Everyday Affairs

I was walking with friends along the a suburban Wheaton street when someone said, “What’s that?”
    We looked down to the roadway where she pointed. At first it looked like snapdragon blossom – mottled pink with a red blush. No, its movement was not at all flower-like. I looked closer — a baby bird. Tendelry, I picked it up and held it in the palm of my hand. No larger than two joints of my small finger, it had no weight. We looked at it in wonder.
    It was both beautiful and ugly. The head was as large as the tiny body to which it was attached by a thread of neck. There was no hint of feathers. The large eyes were mere red clots beneath closed lids. Vital organs showed through transparent skin.
    Tiny wings were no bigger than the end of a fingernail. Tiny drum-bone legs had no feet. But it was the little yellow bill that claimed our attention — gaping for food it could not provide.

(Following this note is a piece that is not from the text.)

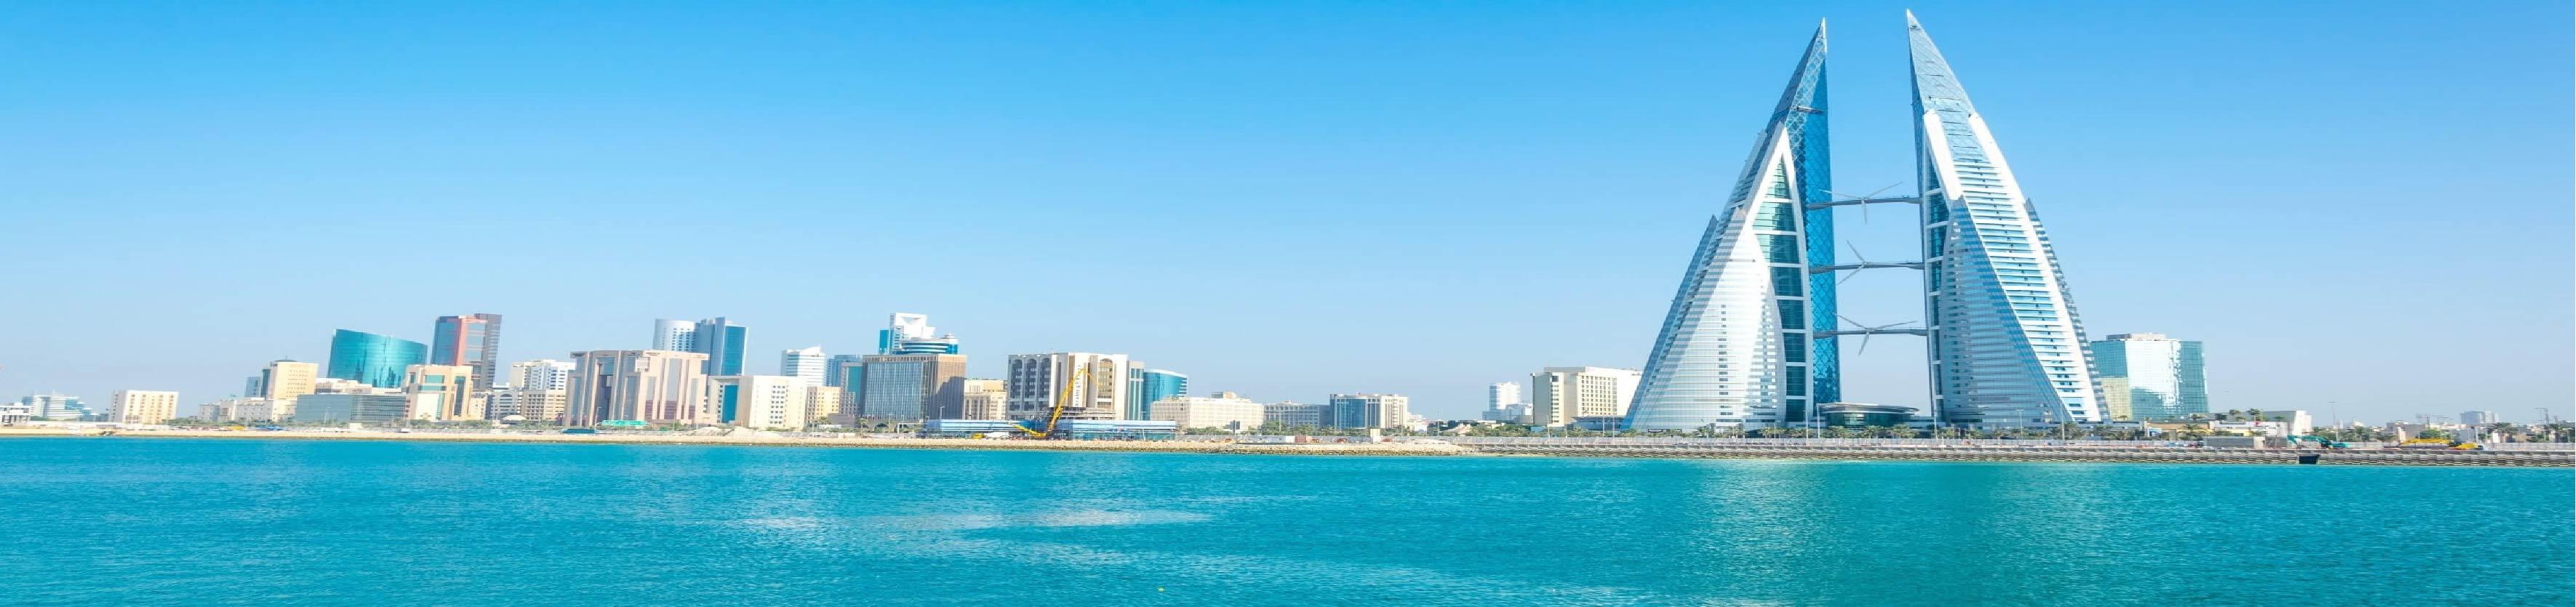 المستشفيات في البحرين: قائمة المستشفيات في البحرين للمغتربين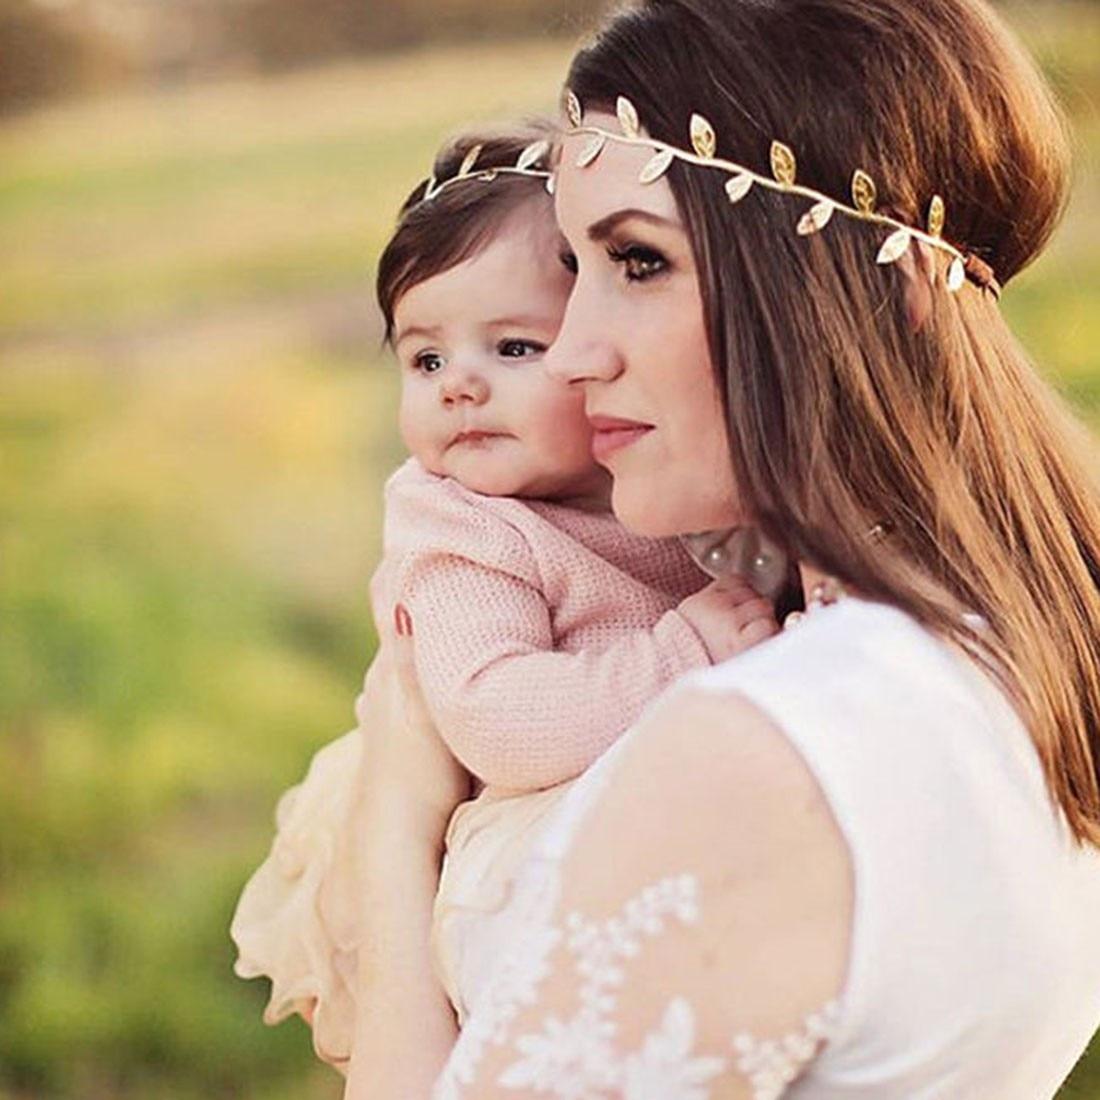 1 piezas nuevo oro hoja de plata conjunto de diadema para el pelo  accesorios rama de olivo chicas lindo deja diadema pelo para las mujeres  aro en Las ... b859d8d178cb

    How did this miracle of life come to be in the road? What creature, seeing it as its rightful food, had snatched the new-hatched songbird from its mother’s nest? Why was the baby dropped? How did we happen to walk there, see it, feel our hearts go out to it and know that it would die?
    Bowing to nature, I placed the dying bird in the hollow of living grass to become part of all life in that small yard in that tidy neighborhood.
    I thought again of the crow my naturalist daughter told me about. It, too, was dying. and there was no way to help. All day it looked at the party of scientists with its bright black eyes. All day it sat motionless but for those eyes. Out of reach on the underledge of a floating pier, the crow ignored attempts to reach it and ignored bread crumbs tossed to it. Just looked with its crow eyes.
    “Birds die everyday,” someone said. “We just don’t usually see it.”
    Life and death are an everyday affair in nature. We humans keep trying to push Death away. We hide it in hospitals and animal shelters. We cringe and cry when it is forced on our national consciouness in Oklahoma or Bosnia.
    To nature, it’s part of the dynamic tapestry woven of time.
    Lives are but details that flow in and out of the grand design. Nature’s eye is on continuity. Our human eye spies the individual threads. God creates the loom.
    On our next walk, a small brown-eyed boy offered me a stem of snapdragon. They were mottle pink with a red blush and a yellow-orange mouth. Deeper colors than the bird. Life to be enjoyed, whether brief or long, I accepted with a smile.